Note that both Claude Mythos preview and OpenAI’s GPT-5.5 perform much better than previous generations of models.
Anthropic had similar results in their early testing and thus decided to delay the public release of Claude Mythos to allow big tech organizations to use it to find and fix their vulnerabilities first.
What is Project Glasswing?

Named after the famous butterfly that hides in “plain sight”, Anthropic’ s Project Glasswing invited 50+ organizations to use Mythos in private preview to find and fix vulnerabilities before attackers use it to develop exploits that haven’t been patched yet. Invitees include AWS, Apple, Cisco, Google, The Linux Foundation, Microsoft, Nvidia and Palo Alto. They also provided up to $ 100 million in usage credits for participants.

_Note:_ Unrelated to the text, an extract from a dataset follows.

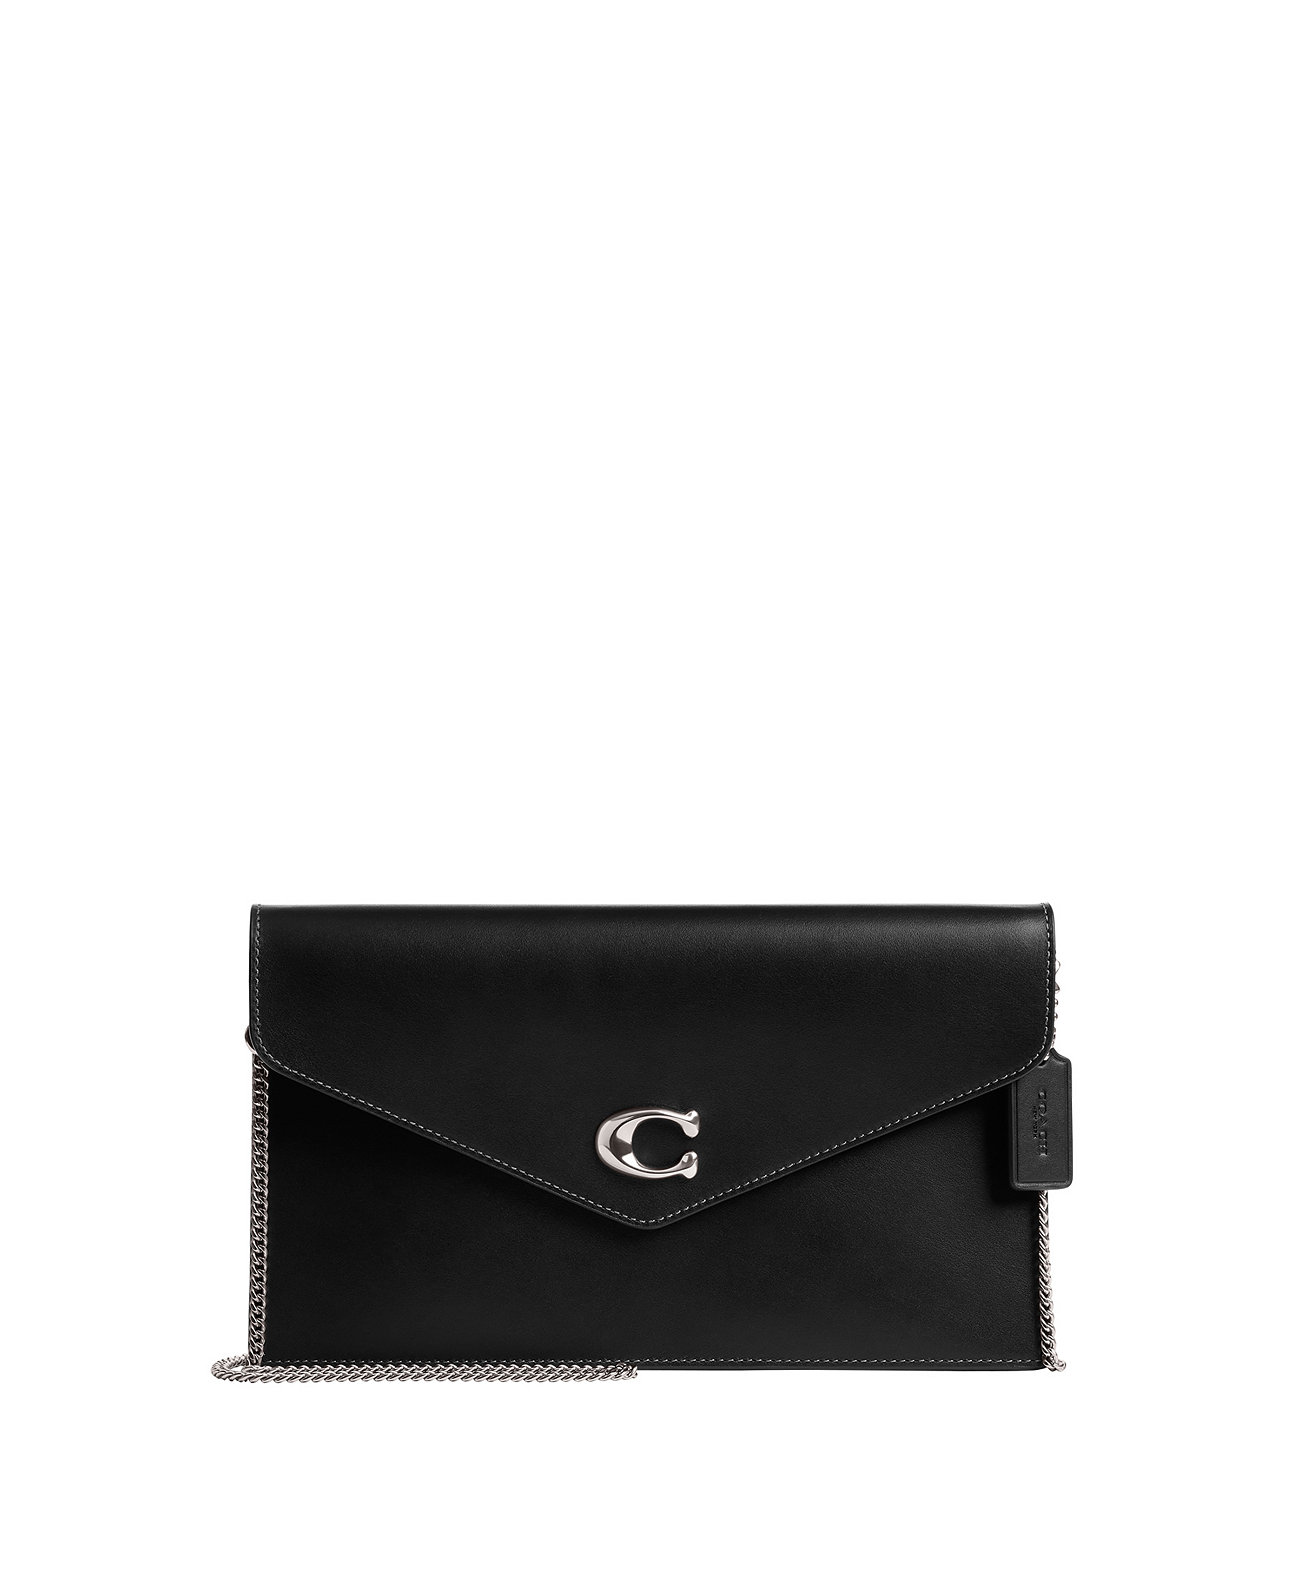 Women's Essential Small Leather Clutch COACH

A fair question is whether this is just a clever marketing strategy or a genuine attempt to act responsibly with a new, powerful capability, and the answer probably lies somewhere in the middle. Clearly early testing shows a step change in capability, but it certainly doesn’t hurt your marketing effort when non-tech people hear about your product in mainstream media.
At the time of writing (June 2026), it looks like public access to Mythos will not be offered soon, but the scope of included organizations has expanded, with another 150 added across 15 countries, covering critical infrastructure, power, water, healthcare, communications and hardware.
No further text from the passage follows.